In my travel closet the ghosts of autumn are hiding, waiting for a little light to
emerge from one of the smaller countries, the ones you almost never hear about,
that rotate on & off the U.N. Security Council like so many ferial days on a poor
man's calendar of saints. We want to love them, but we simply don't know
enough: how do they eat? What sort of clothes do they wear, vs. what sorts do
they manufacture almost exclusively for sale abroad? Were my ancestors, per-
haps, less provident than I would otherwise like to imagine? The ghosts of
autumn weave back & forth between old shirts & work pants spattered in paint,
breathing in deeply the dust, dander, each other: Permeable, they think, this deli-
cious interplay between life & not-life, between nationhood (qua nationhood) &
the long-term viability of native kinship networks. In the breezeway, somebody's
German shepherd has taken up what looks like residence but is probably a more
temporary occupation, something he'll remember less as fact than as a dim fable
of dank smells & whiplash horoscopes.

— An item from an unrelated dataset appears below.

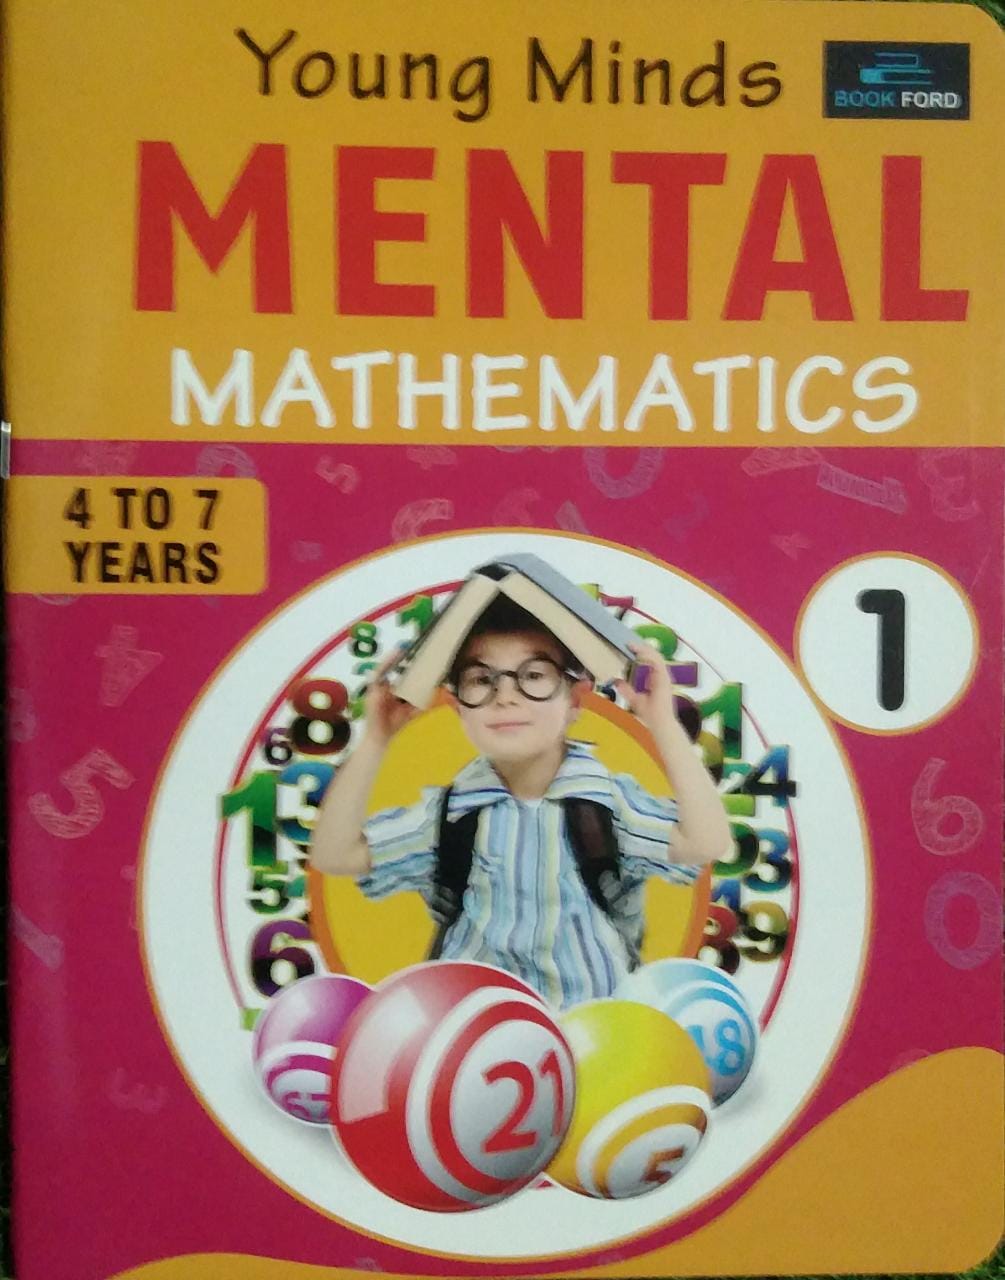 Young Minds Mental Mathematics
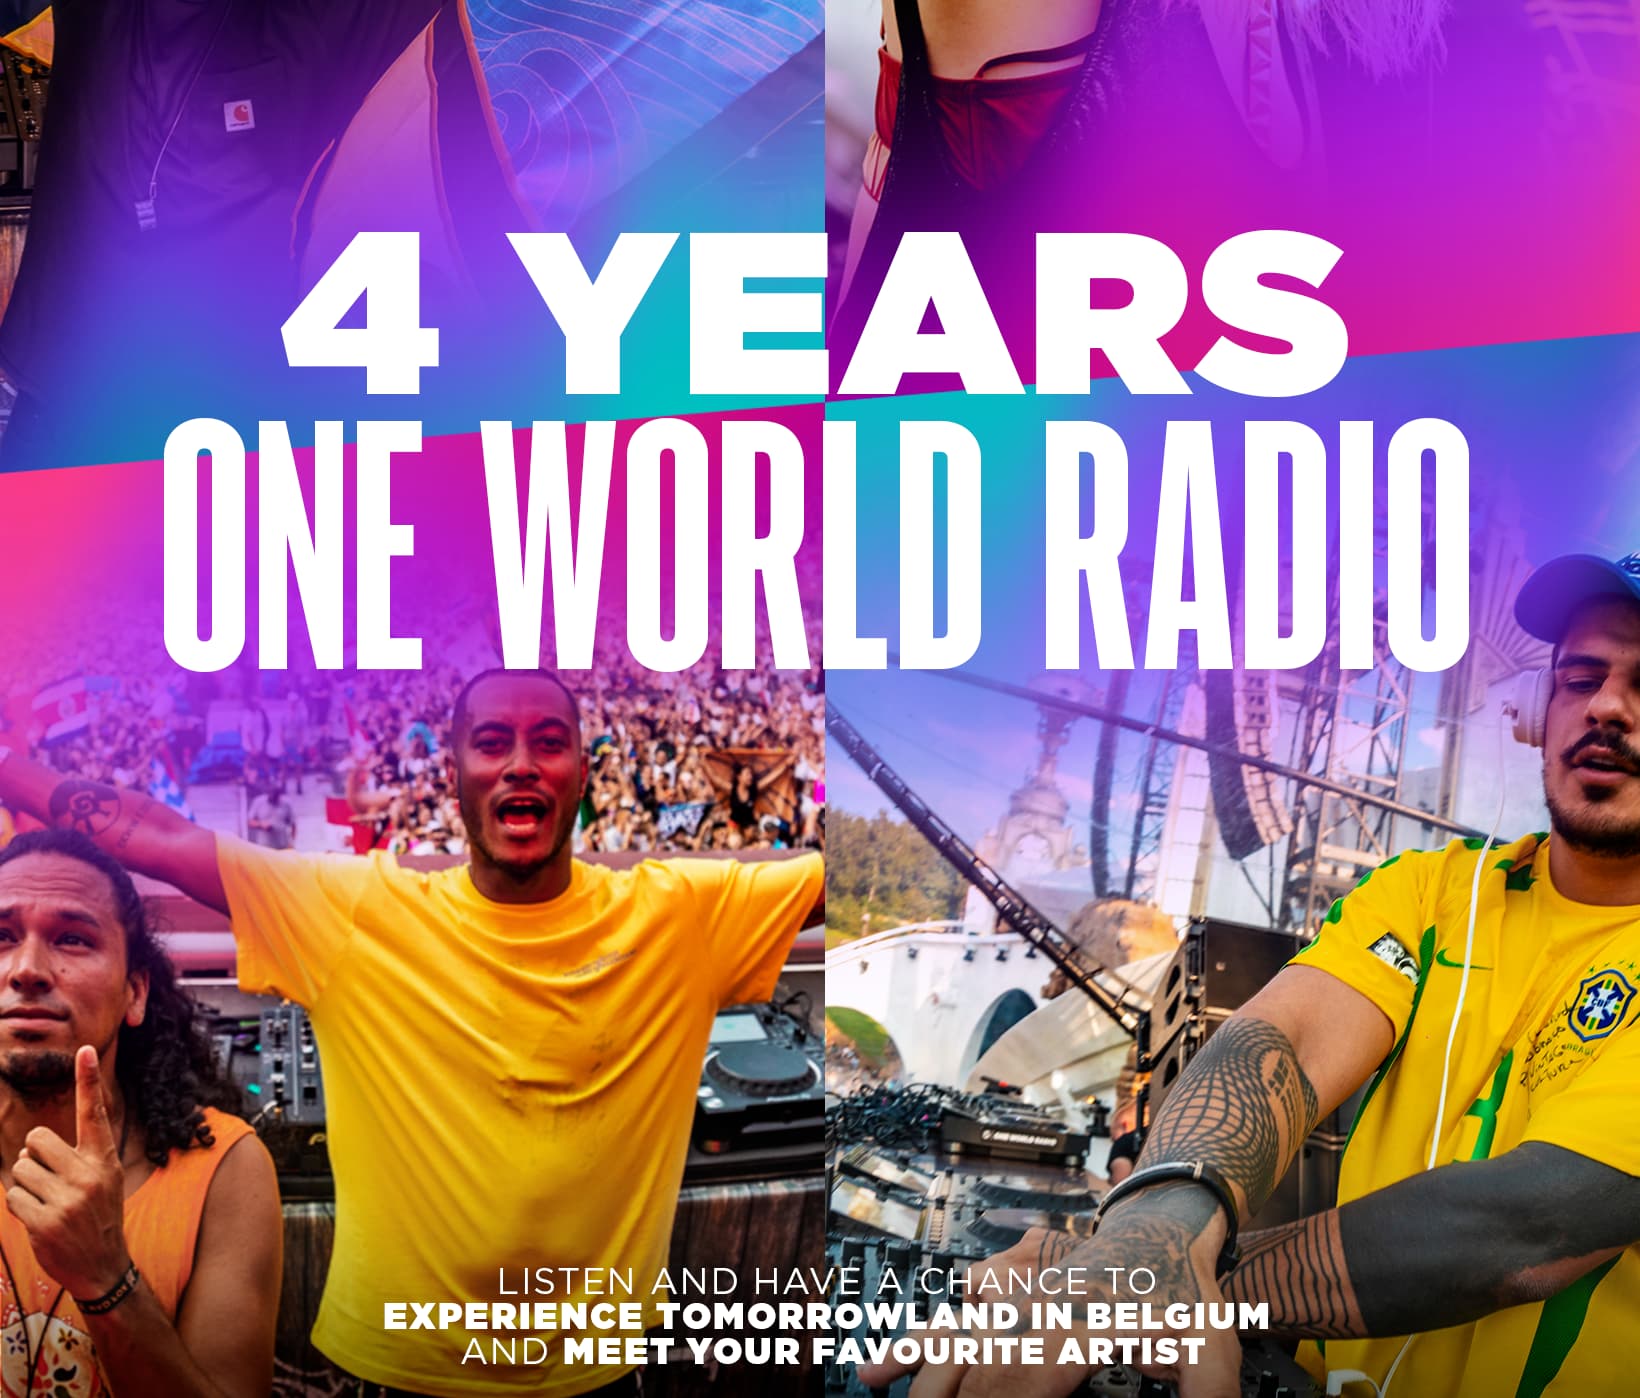 One World Radio comemora 4 anos com uma promoção incrível!

The librarian's hair was a deep, unnatural
red, like an apple dreaming it was a picture of an apple dreaming it was a Camaro.
As we lose diacritical marks they are reincarnated: as children? orphans? poets?
It is interesting that you feel that way, the recording repeats, over & over as the
wheels of the night's vast automobile slows: It is interesting that you feel that
way, It is interesting that you feel, It is interesting, It is interesting, It is.